У меня удостоверение личности Джули. 7 страница



 Квини, словно по мановению волшебной палочки, достала из кармана своей шинели жестянку. Мэдди вдруг поняла, что этот безмерный запас сигарет тщательно копили, поняла, что она никогда не видела, как Квини курит; она частенько использовала сигареты в качестве подарка или платы в обмен на советы, фишки для покера или, как сейчас, за обед и инструменты для ремонта колеса.

Только раз, вспоминала Мэдди, она видела, как Квини курит — только раз, когда ждала допроса немецкого пилота.

 Квини протянула сигареты.

— О, нет-нет, это слишком!

— Возьмите, поделитесь со своими девчушками. Это благодарность. Только позвольте нам воспользоваться вашей плитой, чтоб разогреть бобы.

 Жена фермера весело рассмеялась.

— Они что, отправляют офицеров ЖВВС в дорогу, словно цыган, заставляя менять кипяток на сигареты? С ужина остался пастуший пирог и яблочная запеканка, идите поешьте! А я пока поищу инструменты...

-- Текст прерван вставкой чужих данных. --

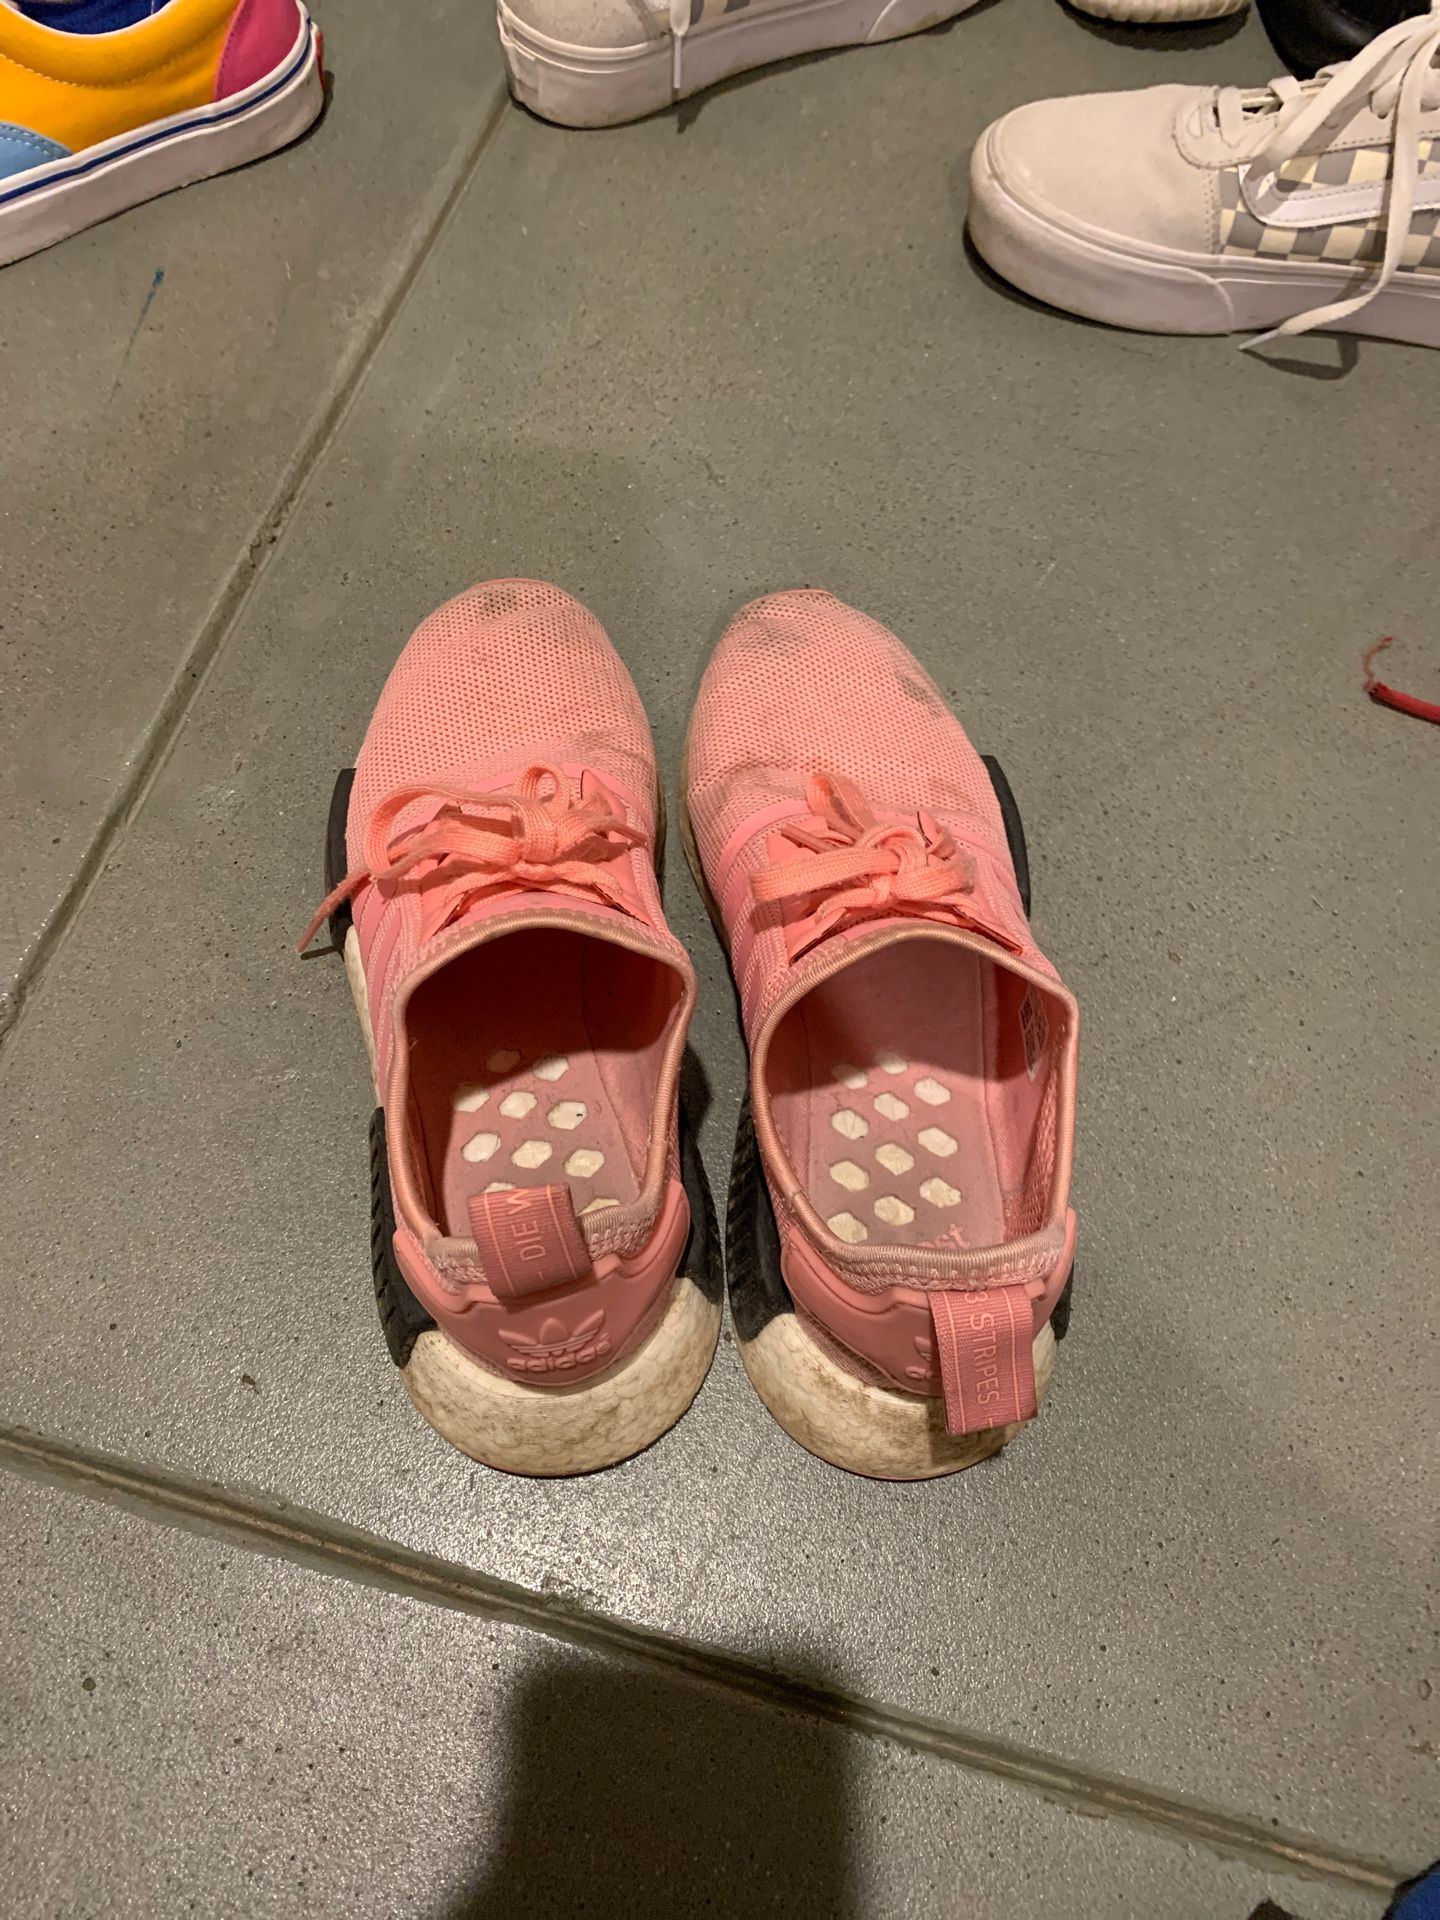 Adidas pink nmd’s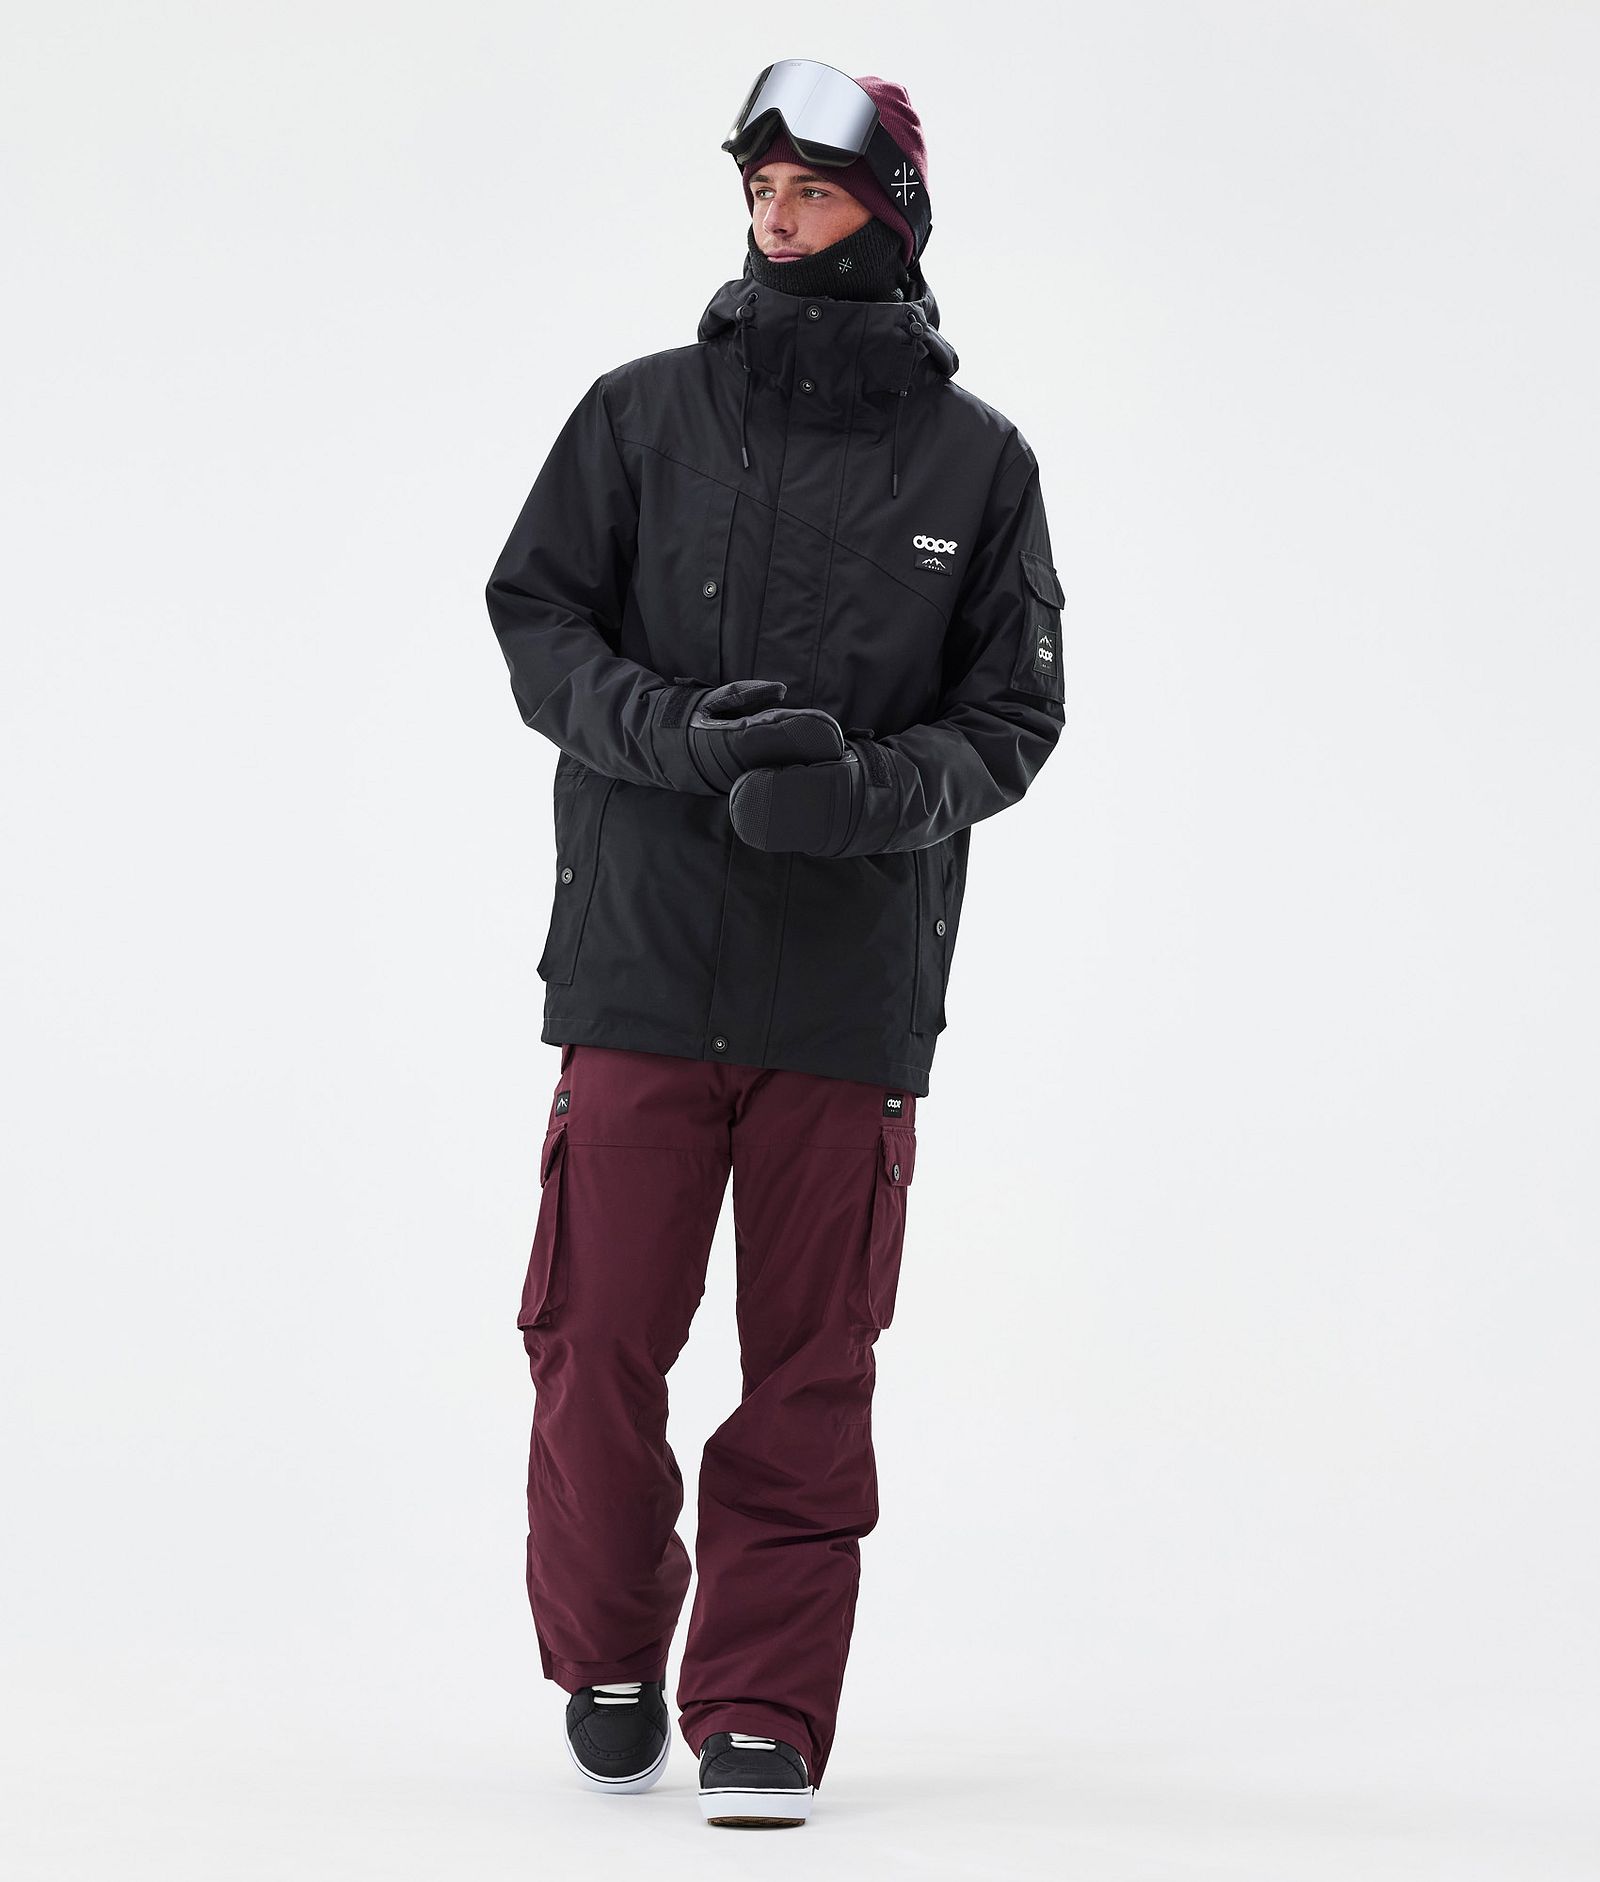 Dope Iconic Pantalon de Snowboard Homme Don Burgundy Renewed

 Вскоре их желудки были полны горячей, вкусной еды, какой они не ели даже в Майдсенде последние месяца три, вроде пирогов со свежей сметаной. Единственным неудобством было то, что им пришлось есть стоя, так как в кухне постоянно творился ураган — стулья убрали, чтобы они не загромождали проход для рабочих, девушек из Земледельческой Армии и собак (всех детей эвакуировали из округи, подальше от фронта).

 — Ты задолжала мне еще четыре страха, — сказала Квини. Мэдди задумалась. Задумалась о тех страхах, в которых призналась Квини — привидениях, темноте, порке за баловство и школьного дежурного. В большинстве своем они были детскими, с ними легко было бороться — смеяться над ними или игнорировать.

 — Собак, — отрывисто сказала она, вспоминая бродячих псов, встретившихся им по пути. — И нарушить правила ношения униформы — мои волосы слишком длинные, и пальто сменить не разрешают, а оно огромное. И южан, смеющихся над моим акцентом.

— Ох, и правда, — согласилась Квини. Лично она, образованная девушка из высшего общества, никогда не сталкивалась с подобной проблемой, но, будучи шотландкой, всегда симпатизировала мягкому южному английскому. — Остался один страх, ты уж постарайся.

 Мэдди заглянула в глубину своей души. Она ответила честно, замешкавшись только из-за простоты и откровенности признания:

— Подвести людей.

 Подруга не закатила глаза и не рассмеялась. Она слушала, кивая и поливая теплой сметаной печеные яблоки, и ни разу не посмотрела на Мэдди.

 — Не выполнить свою работу, — добавила Мэдди. — Не оправдать ожиданий.

 — Вроде моей боязни убить кого-то, — сказала Квини, — только не так конкретно.

 — Убийство тоже можно сюда включить, — пояснила Мэдди.

— Можно, — ответила Квини, на этот раз серьезно. — Если ты не делаешь им одолжение, убивая. Если иначе ты заставляешь их страдать. Если не можешь справиться с собой. У моего двоюродного дедушки был ужасный рак горла, его дважды возили в Америку, чтобы удалить опухоли, но они возвращались снова и снова, поэтому он попросил жену убить его, и она согласилась. Ее ни за что не судили — веришь или нет, все списали на несчастный случай, но она была сестрой моей бабушки, и мы знаем правду.

 — Какой ужас! — с чувством сказала Мэдди.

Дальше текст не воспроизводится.